— Федор! Погляди вот на это, — И Данила протянул мне тигель.— Посмотри, что гончары сделали.
Взял протянутый мне горшок, осмотрел со всех сторон, покрутил в руках, пожал плечами и вернул обратно, — Я в этом не понимаю. Ты мастер, уж кому как не тебе знать что надобно.
Он выставил грязный палец и ткнул им в мою сторону, — По твоему наущению, замес-то того чтоб дело делать, чужое дерьмо разгребаю.
— А лучше будет, если ты половину седмицы, будешь тратить на них? Давай опосля поговорим про это.
Мне надоело препираться с кузнецом, бывшем не в духе. Оставив за собой последнее слово, я развернулся и ушел.
Выйдя во двор, огляделся, конюшня крытая дранкой с распахнутыми воротами, птичник, рядом с ним квохтал с десяток кур во главе с моим будильником. Завидев меня одиноко стоящего, что-то переклинило в его пустой голове, и он пару раз капнув ногой пыль, распушил перья, бросился в атаку. Схлопотав сапогом по острому клюву, как ни в чем не бывало, вернулся к своему гарему, клюнул одну из клуш и, вытянув шею, заорал свою утренний клич.

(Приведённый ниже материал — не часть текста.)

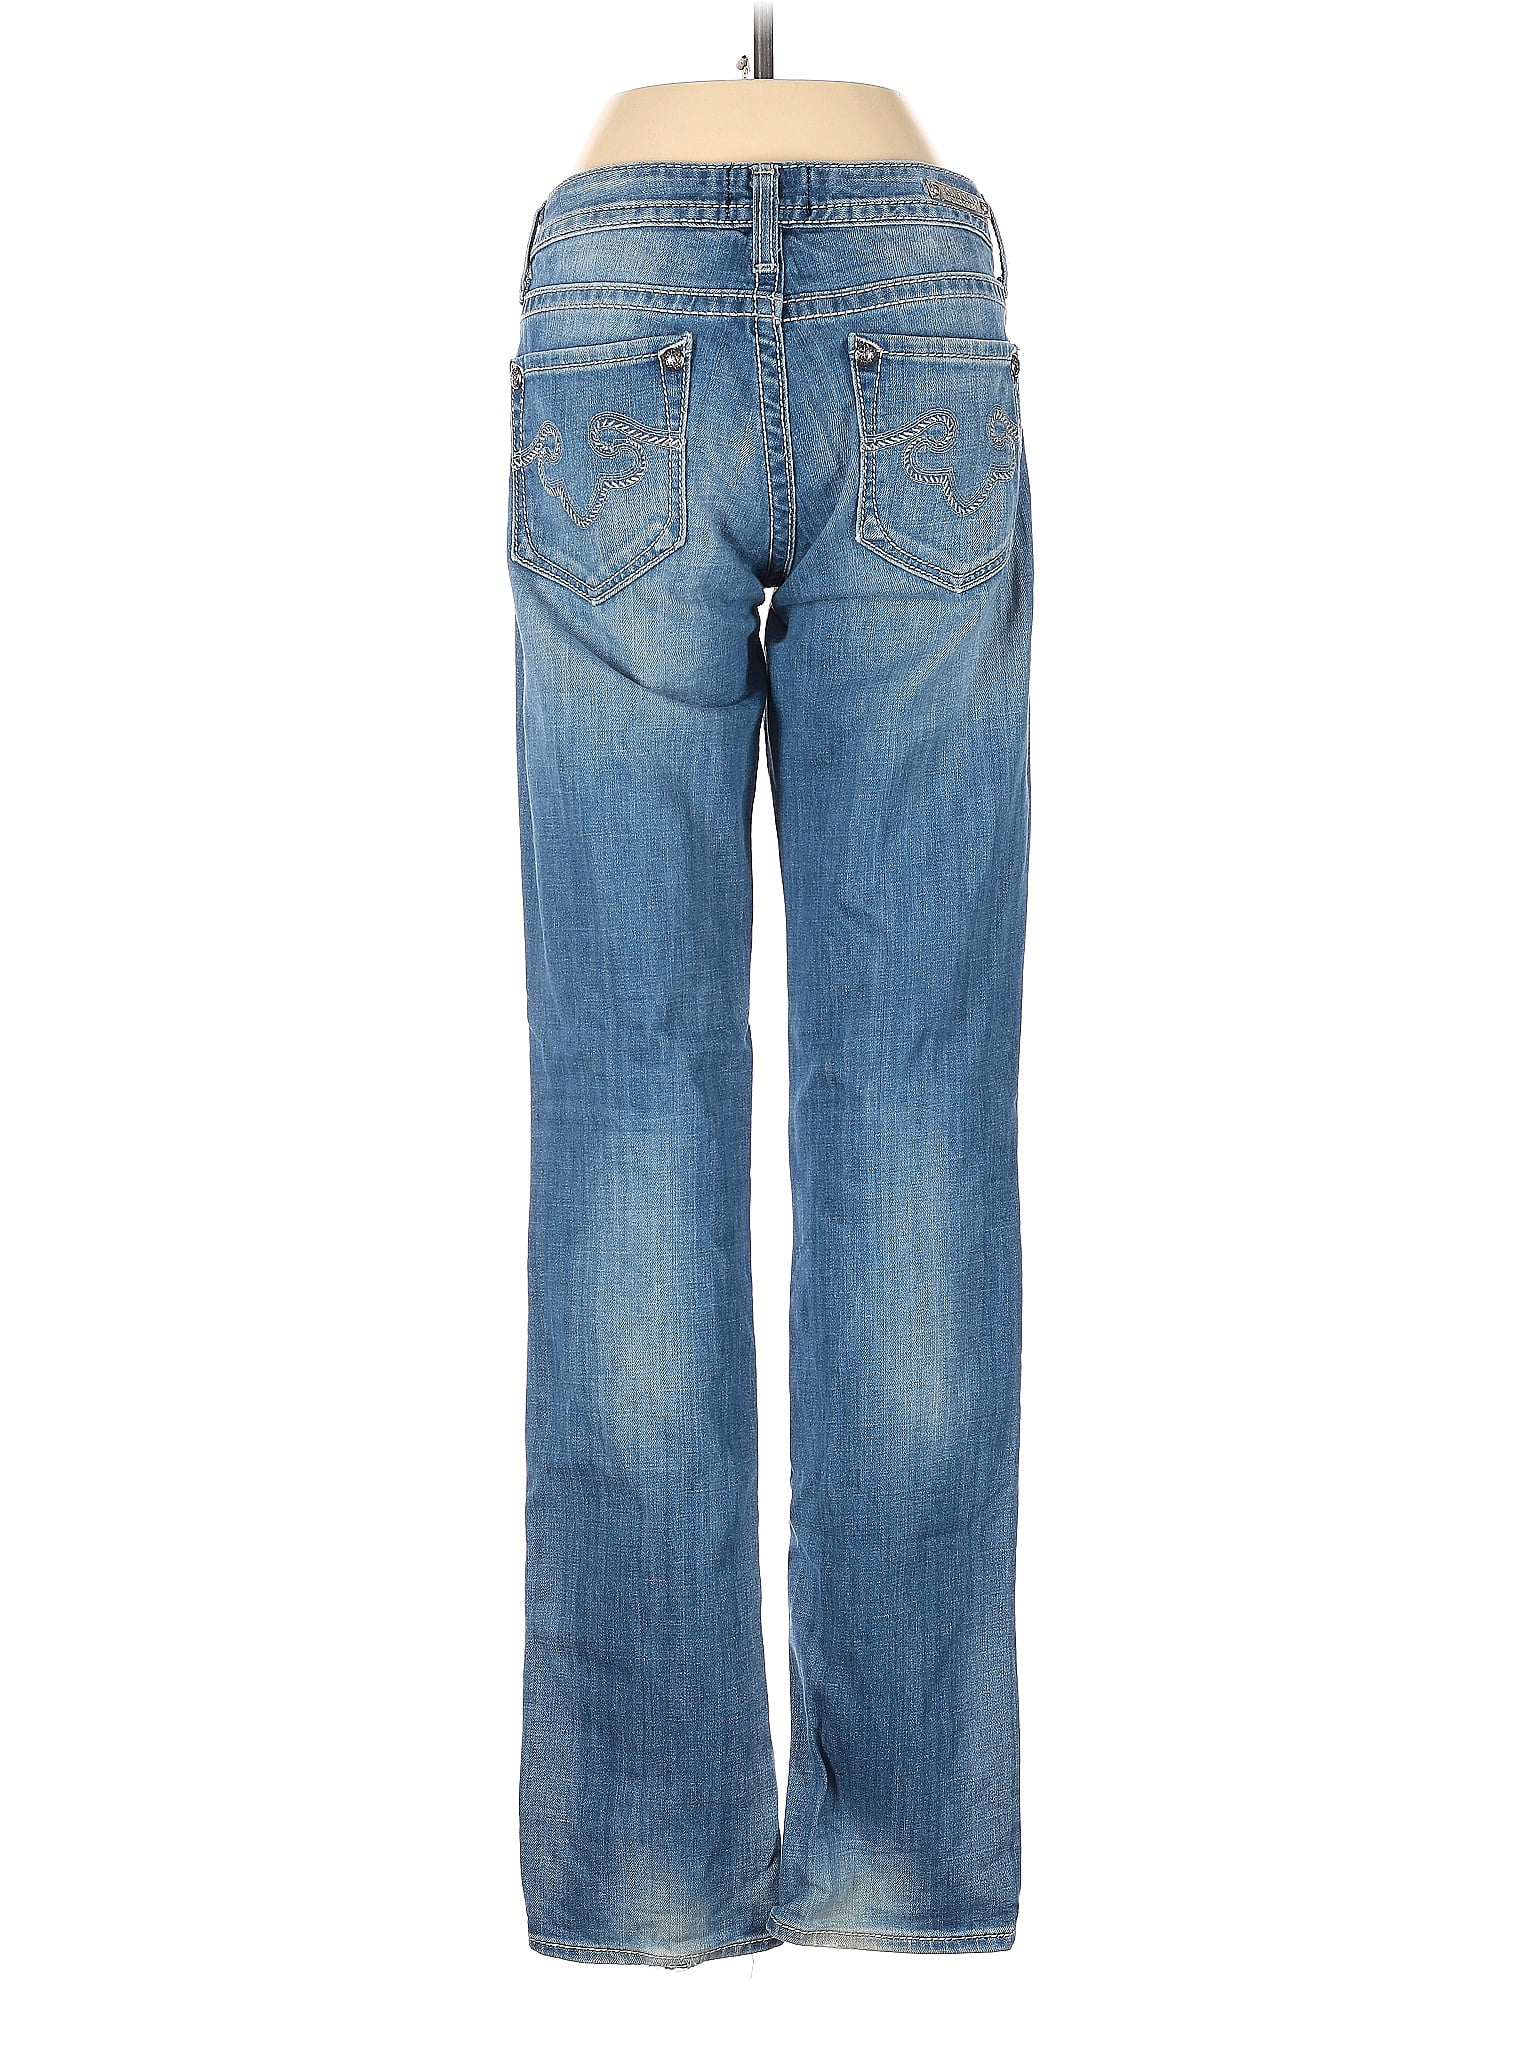 EXPRESS Rerock Jeans Blue Size 4 - $40 (63% Off Retail) - From Rayne

— Вот тварь, твое место на сковороде, ножка буша. — Оглянулся, с этим гадом надо держать ухо востро, может наскочить сзади. Пошел на зады усадьбы, там, в углу у меня стоял перегонный куб.
Но не для самогонки, для других дел. В это примитивной установке я занимался перегонкой древесины.
Простой навес, сложенная из кирпича печка, на ней установлен сделанный из глины с толстыми стенками бак, кувшин, скорей всего бак. Гончар попытался жалиться говорил, что у него с первого раза не вышло, и он много дров в пустую, спалил, пока сделал, так как нужно. Я только спросил, — ' а ты что, только его одного в печи обжигал, а как же те чашки плошки?' Он замялся, и потом было пара попыток выцыганить еще, но тщетно, как договорились о такой цене и будет. Никодим задал один вопрос, — ' для чего' Я объяснил. Он, посоветовал смолу собирать в отдельную посудину. В нижней части моей установки было просверлено отверстие, в него вставлена медная трубка с заглушкой, внутри на двух кирпичах лежала чугунная решетка, на неё выкладывались березовые полешки, сверху опускалась глиняная крышка со вставленным отводом для охладителя. Змеевик был уложен в керамическую трубу, заглушенную с двух сторон, и крепился вертикально, из бачка стоящего на крыше подавалась холодная вода. Проходя насквозь, вытекала из нижнего патрубка в нижний бак. Здесь она остывала и потом перекачивалась на крышу. Ну, нет здесь ручьев и рек поблизости, вот, и приходится выкручиваться.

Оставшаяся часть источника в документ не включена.